Potentially yes. If you sell while still legally married and both spouses meet the ownership and use requirements — owning and living in the home for at least two of the last five years — you may qualify for the $500,000 joint exclusion under IRC §121. Selling after the divorce decree typically drops each person to the $250,000 single-filer exclusion. Timing the sale relative to the decree can have real tax consequences; consult a CPA before closing.

Do both spouses have to agree to list the house with an agent or sell directly?

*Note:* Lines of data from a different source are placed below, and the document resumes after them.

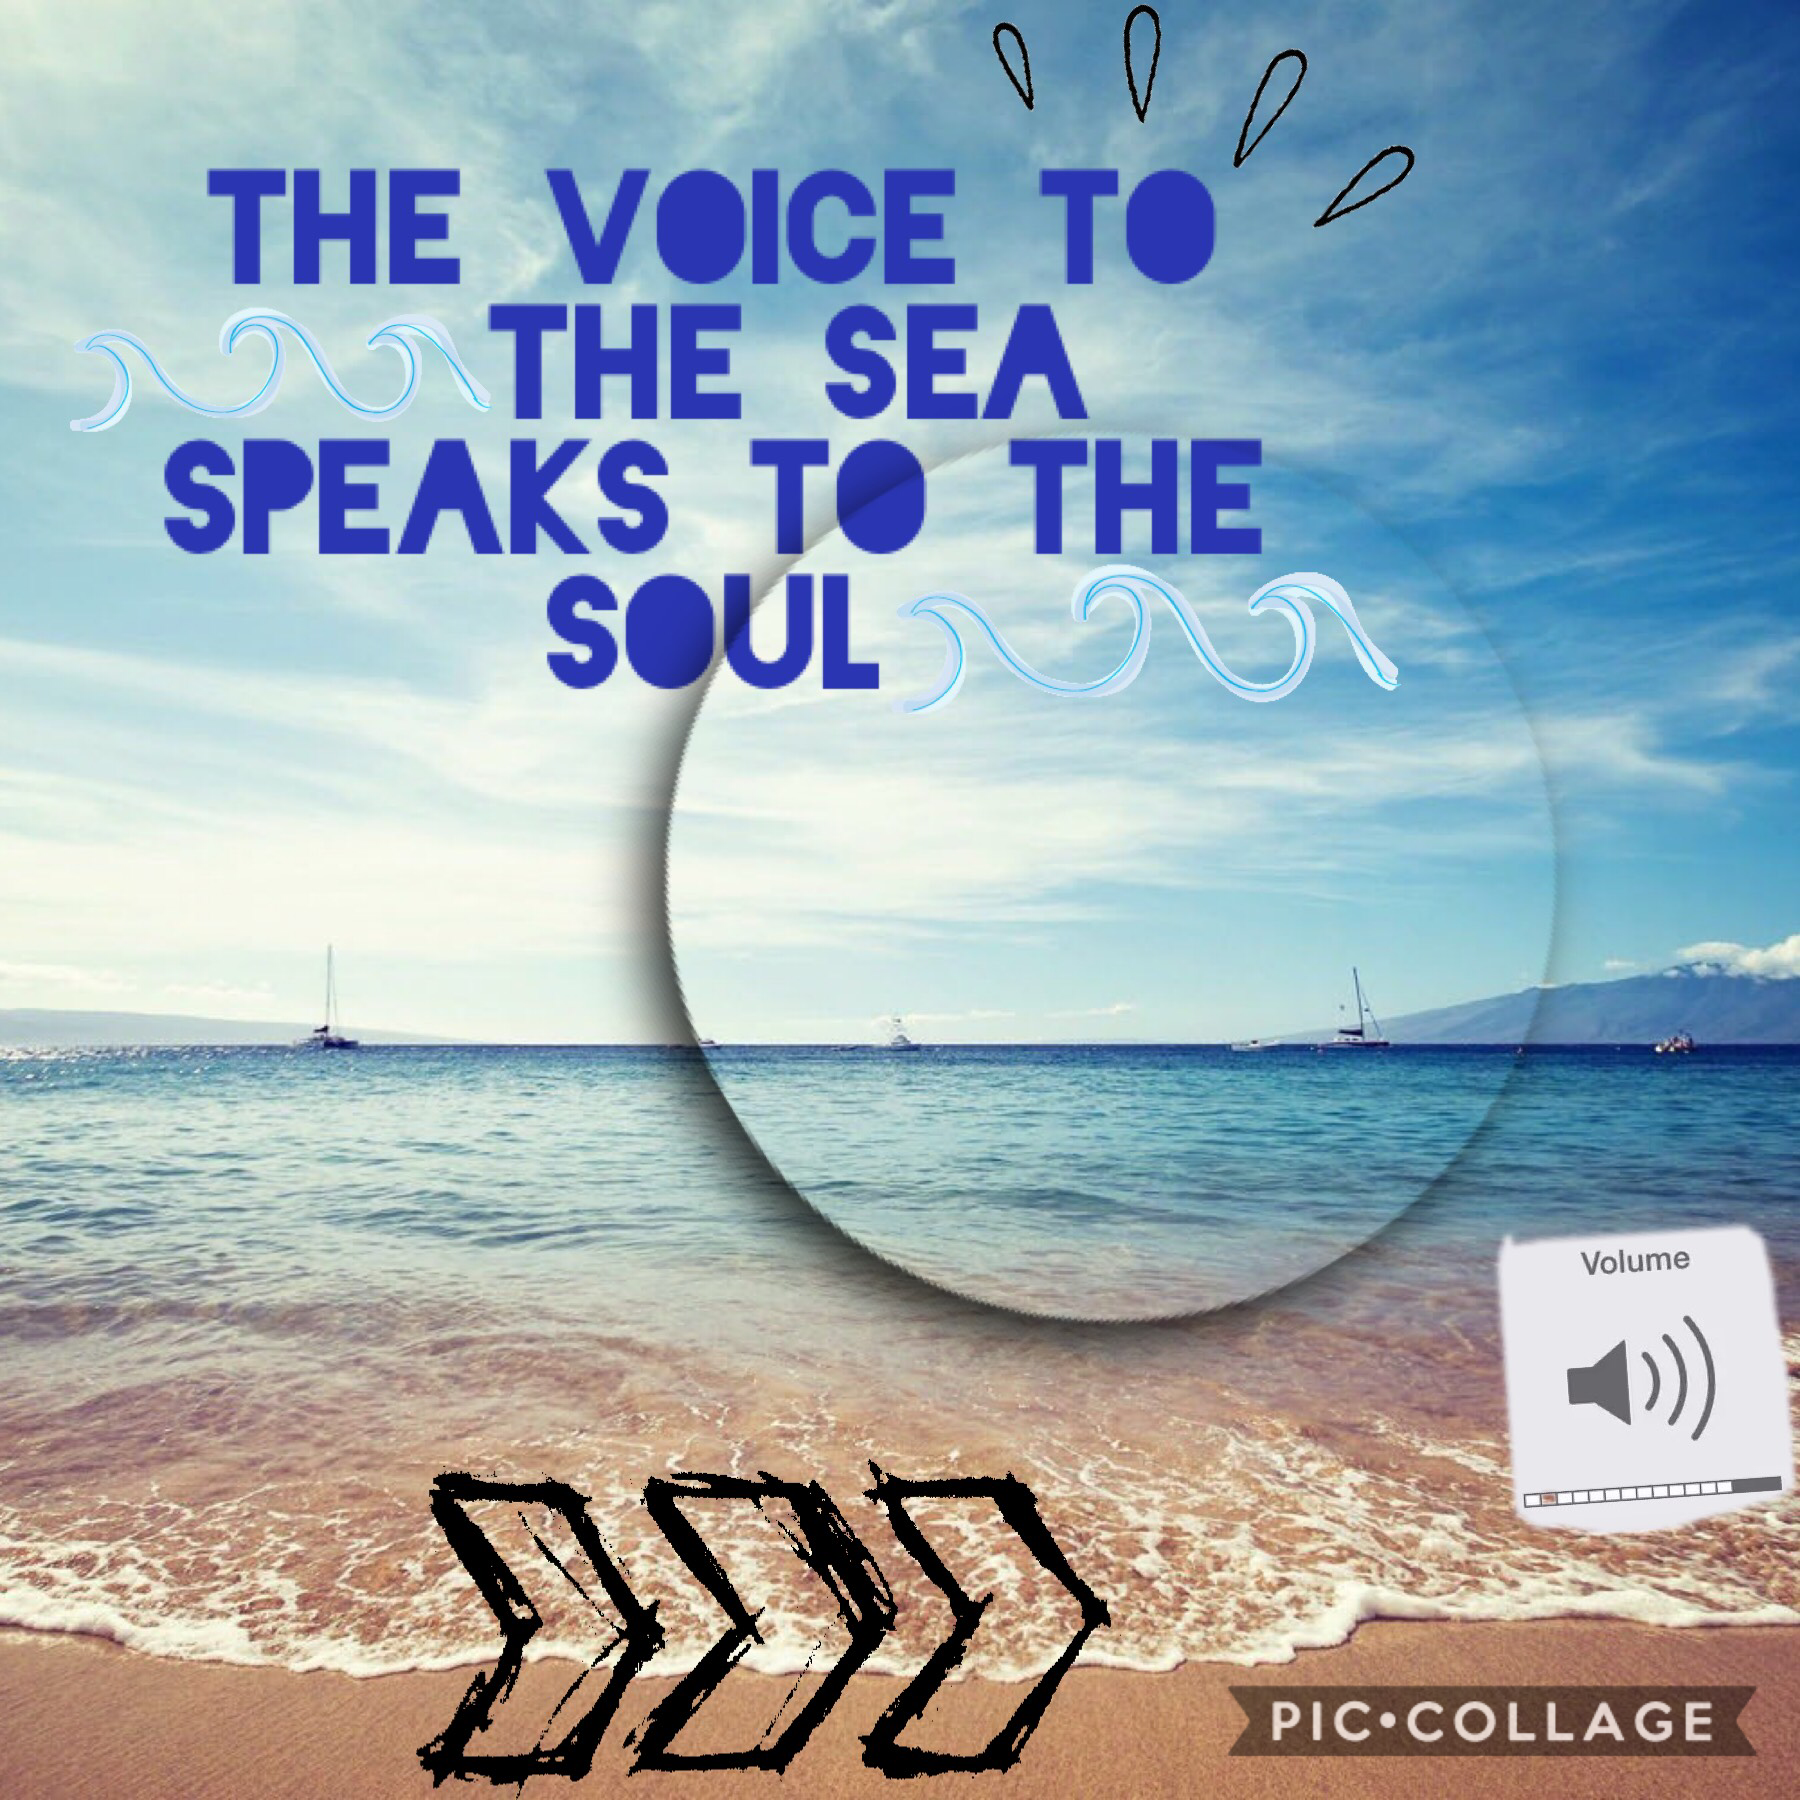 Sea soul 
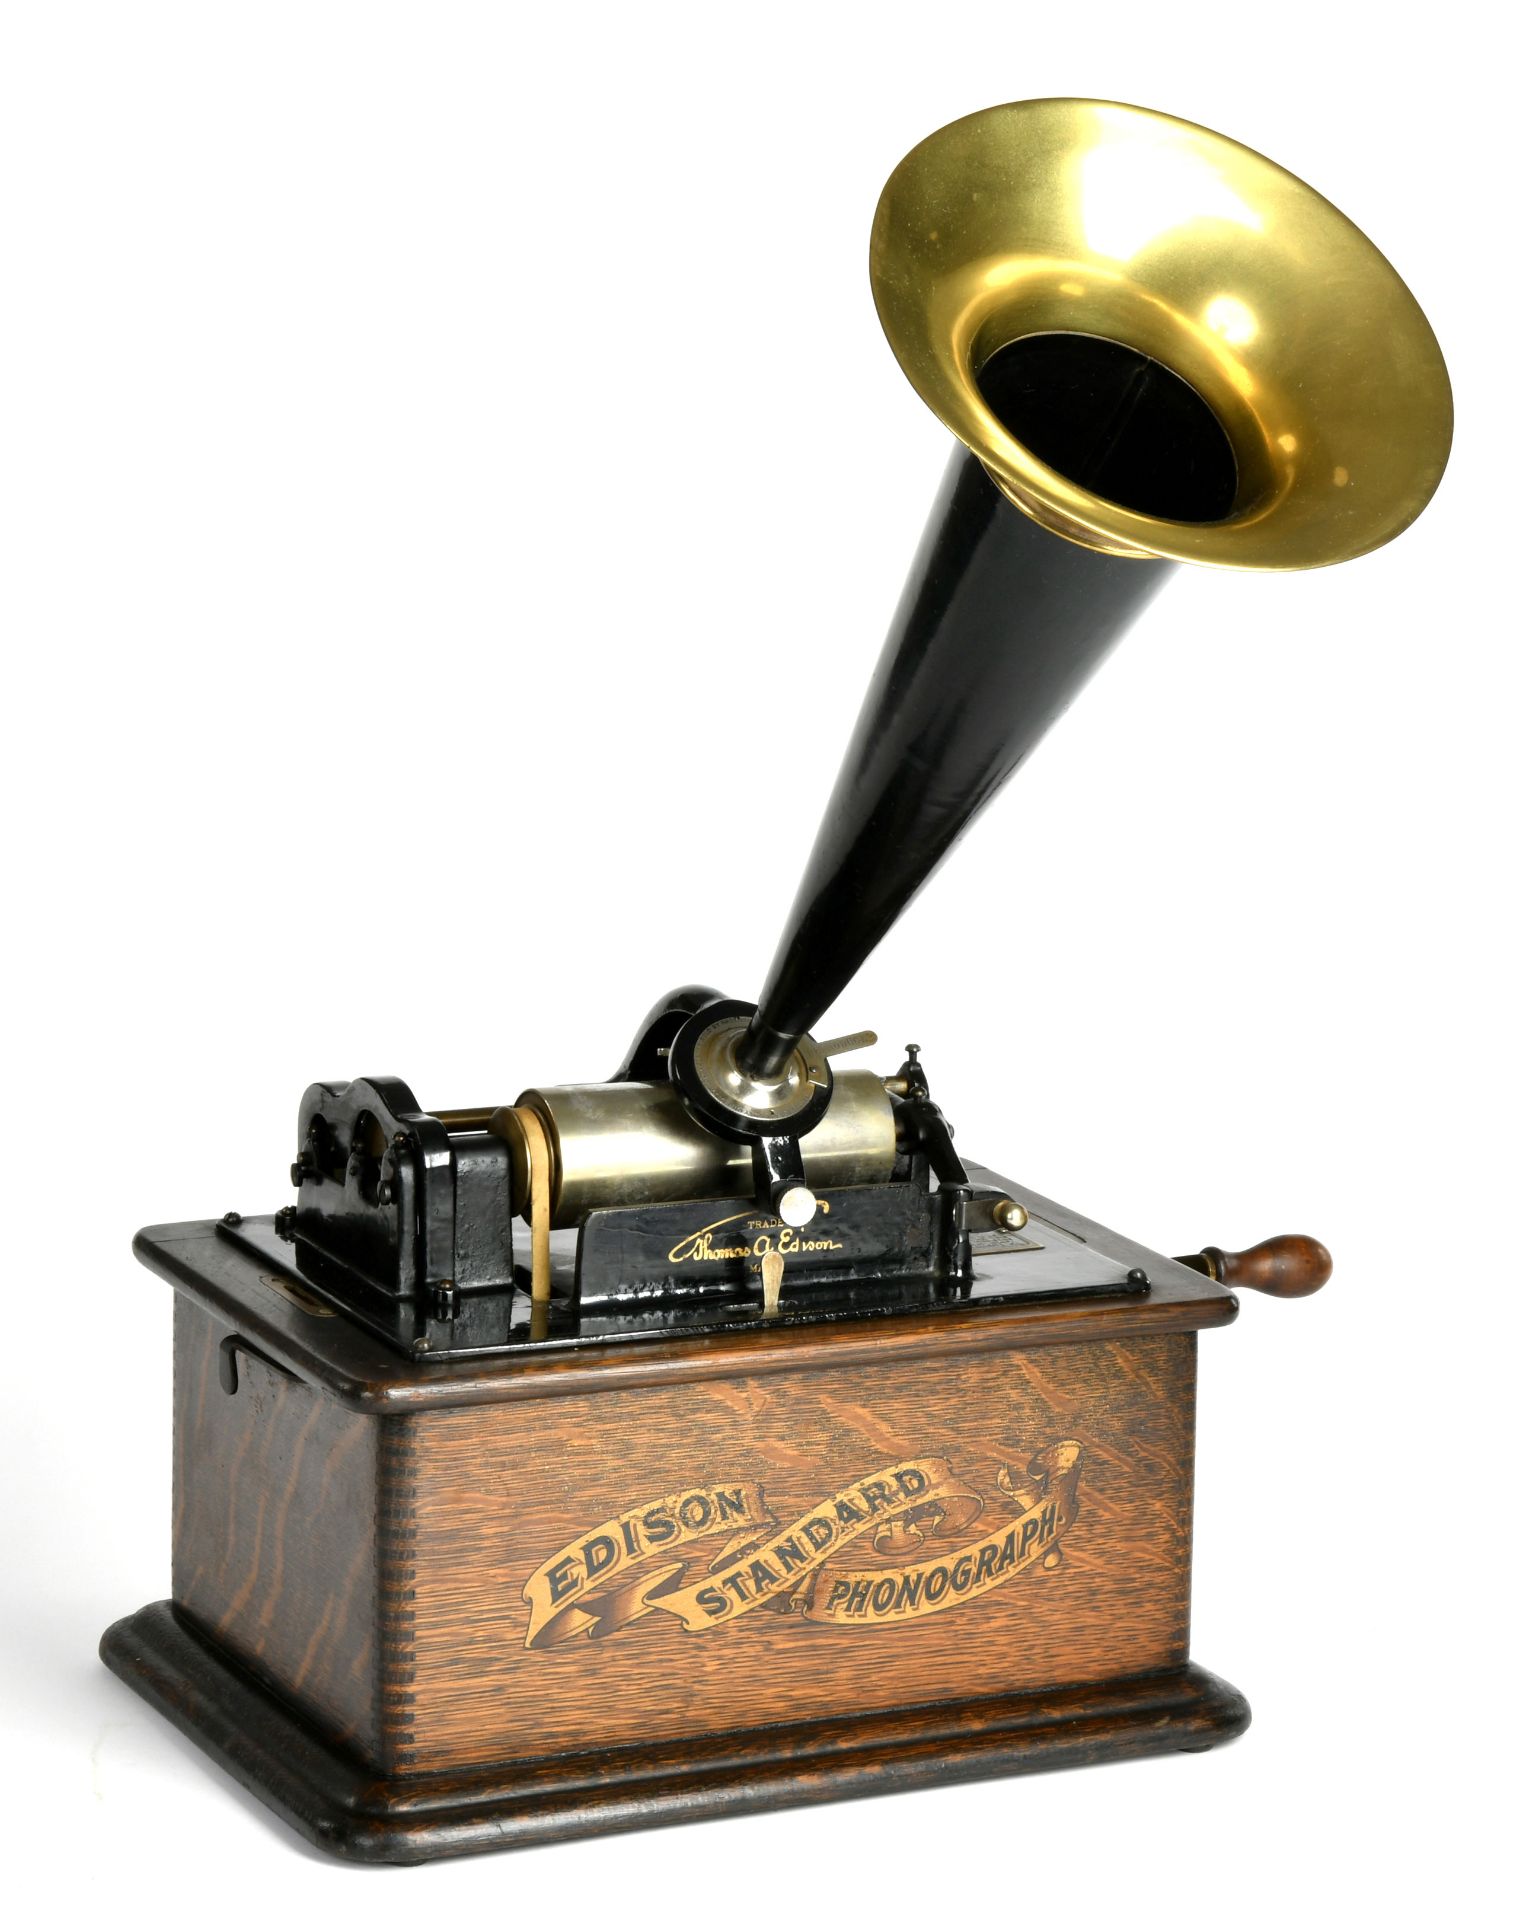 Edison, Standard phonograph, Model C, around 1915 (s 285549), funct. ok, good original conditions - Image 2 of 2
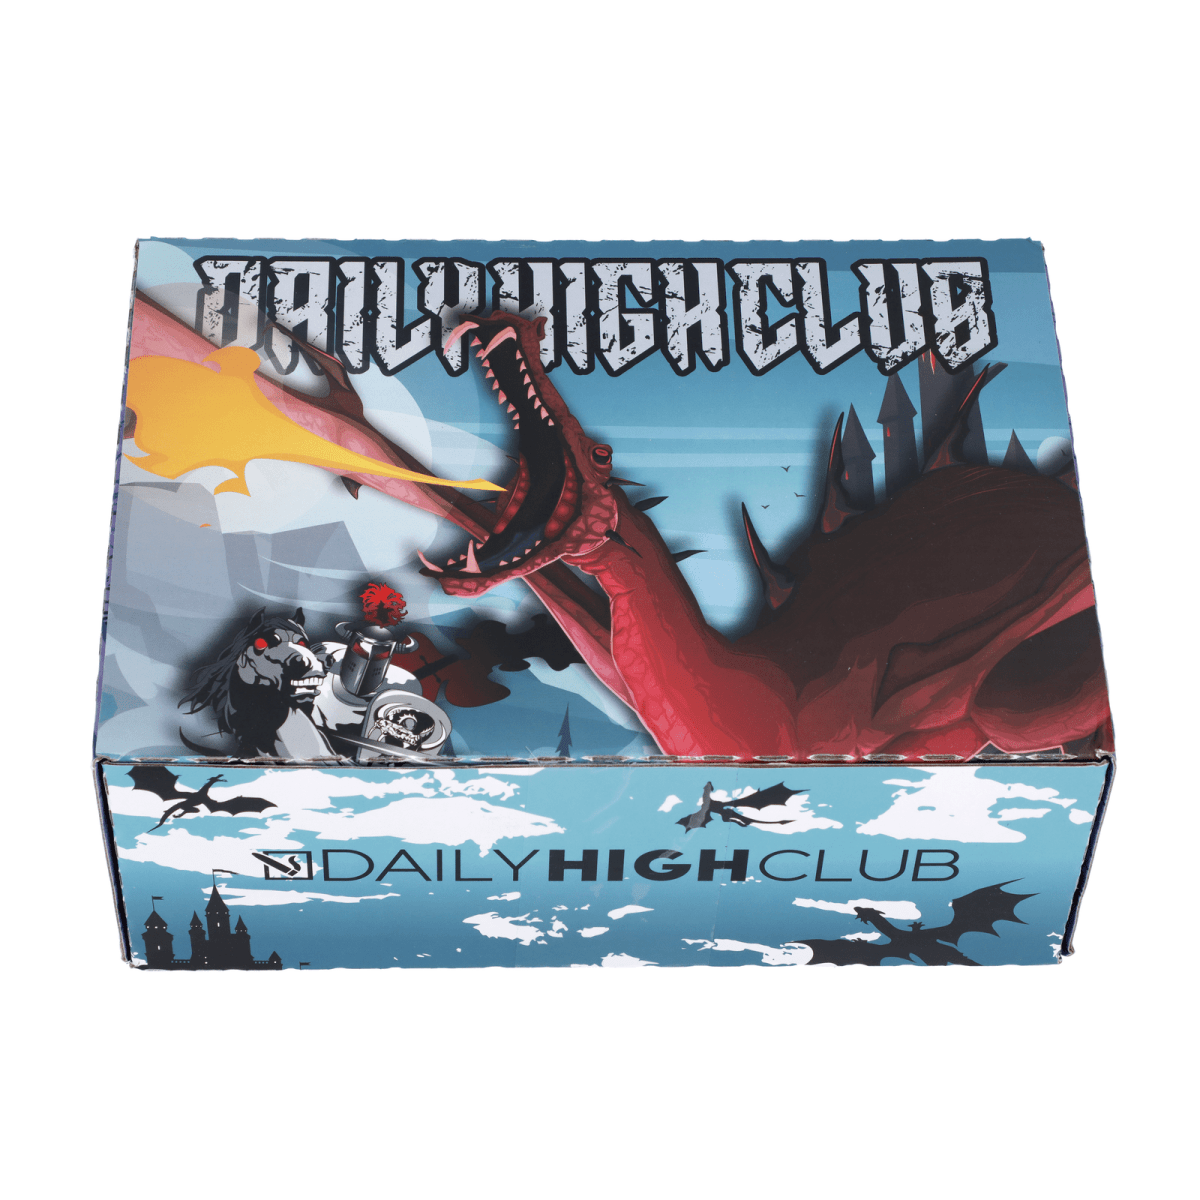 Daily High Club subscription box "Dragon" Box

Yes. Both spouses on title must consent to and sign the listing agreement with an agent or the purchase contract in a direct sale. One spouse cannot unilaterally list or sell the marital home without the other's signature. If agreement cannot be reached, the court can issue a temporary order authorizing the sale and directing both parties to cooperate, or it can appoint a special magistrate to execute documents on behalf of a non-compliant spouse.

Is a fast direct sale better than listing on MLS during a divorce?

For many divorcing couples, yes. A direct sale with a locked price eliminates the renegotiation triggers — inspections, buyer financing contingencies, competing repair requests — that require ongoing cooperation between spouses who may already be in conflict. There are no agent commissions charged to the seller, no repair requirements, and the closing date is set at contract signing. The tradeoff is that the MLS may produce a higher gross price; whether that premium survives months of carrying costs and conflict is the real question.